Lunes, 7 de diciembre de 2003
Al final llegué a casa a las siete menos cuarto. Me retrasé porque tuve que ocuparme de un procedimiento conciliatorio contra un miembro del equipo de la oficina de Londres del que, no sé por qué, acabé siendo responsable.
La mesa estaba totalmente puesta, había vino, Lee trajinaba en la cocina y todo estaba impoluto. No tenía ni idea de cómo hacía eso, cocinar sin ir acumulando platos sucios. Me besó en la mejilla. Además de estar haciendo la cena, acababa de salir de la ducha y tenía la mejilla húmeda, afeitada y perfumada.
—Siento llegar tarde —dije.
—No pasa nada. Ya está listo. Siéntate.
Esta vez había pollo picante con ensalada, hierbas aromáticas frescas, pan caliente y Sancerre frío.
—He hecho unas cuantas llamadas —dijo mientras masticaba—. No hay problema para lo del jueves. Puede que vaya un poco justo de tiempo, así que seguramente será mejor que nos veamos allí.
—Ah.
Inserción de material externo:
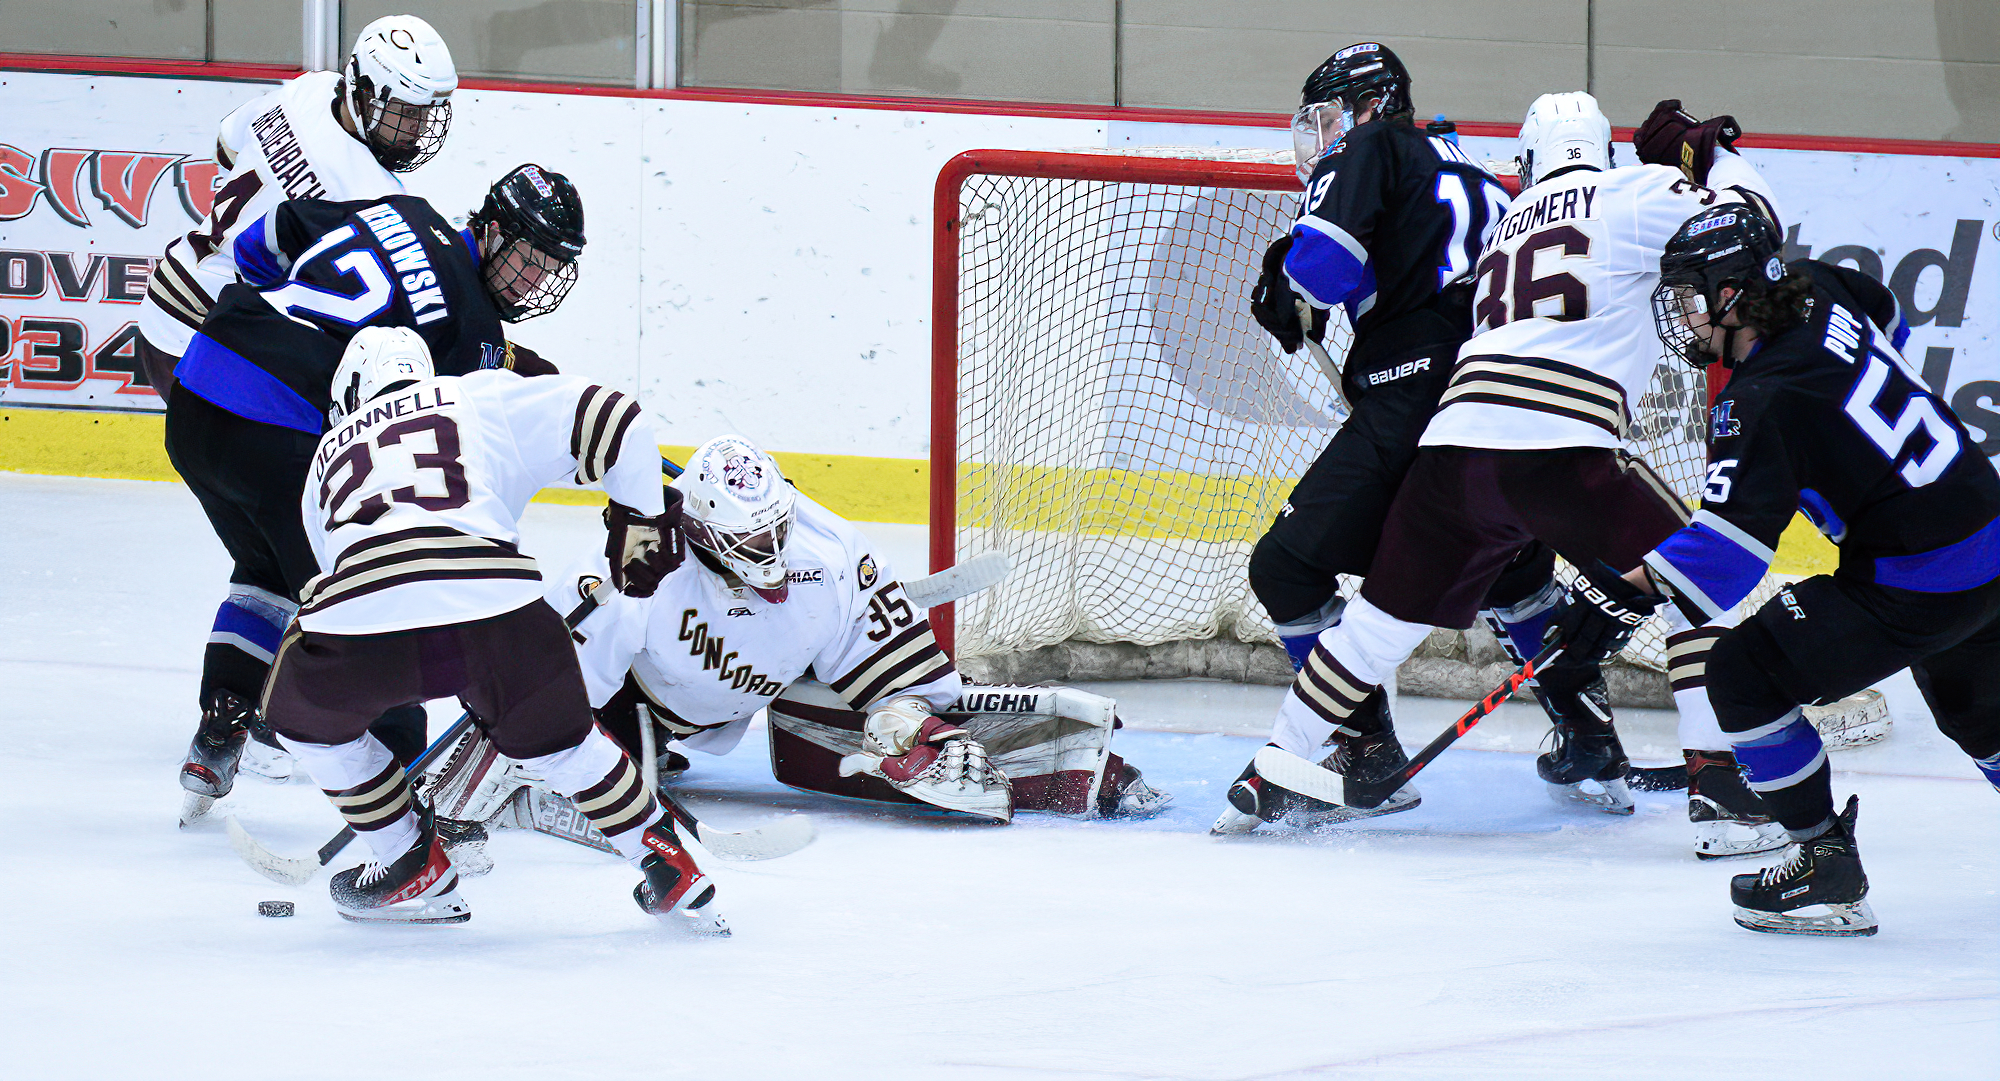 Jackson Nelson goes down to block the puck during the second period of the Cobbers' win over Marian. Nelson had 29 saves in the win.

Vale.
Se hizo el silencio mientras bebía.
—¿Estás segura?
—¿De qué?
—De que quieres que conozca a tus amigos.
—Claro. ¿Por qué no iba a estarlo?
Se encogió de hombros, mirándome fijamente.
—Me cuesta mucho. Conocer gente. Solo para que lo sepas.
—No me pareces del tipo de persona que tiene problemas para relacionarse con la gente.
—Entonces es que aún no me conoces demasiado bien.
Hubo un largo silencio.
—Me gustaría saber a qué te dedicas —dije.
Dejó de comer y me observó durante un buen rato.
—Ya lo sabes casi todo —dijo—. Trabajo en el sector de la seguridad.
—Eso podría ser cualquier cosa. Estoy preocupada.
—No tienes por qué preocuparte —dijo en tono amable—. Simplemente tengo que tener cuidado, eso es todo. Es mejor para ti no saber nada.
—¿No confías en mí?
Sus ojos se nublaron.
—Yo podría preguntarte lo mismo.
Llegados a aquel punto, cedí.
—Oye, no tenemos por qué ir. A casa de Maggie, me refiero. En serio. Si prefieres que no…
—No hay problema —dijo—. Iremos.
—Lee, solo es una cena. No es ninguna prueba.
Él siguió masticando y después bajó el cuchillo y el tenedor.
—¿Postre?
El postre resultó consistir en fresas de invernadero y moscatel que comimos y bebimos en la cama. Él no volvió a hablar sobre la cena en casa de Maggie ni sobre su trabajo, y yo tampoco. Me perdí en su sabor, en la sensación de sus manos calientes sobre mi piel desnuda, consciente de que al día siguiente por la mañana él se habría ido y yo volvería a estar sola.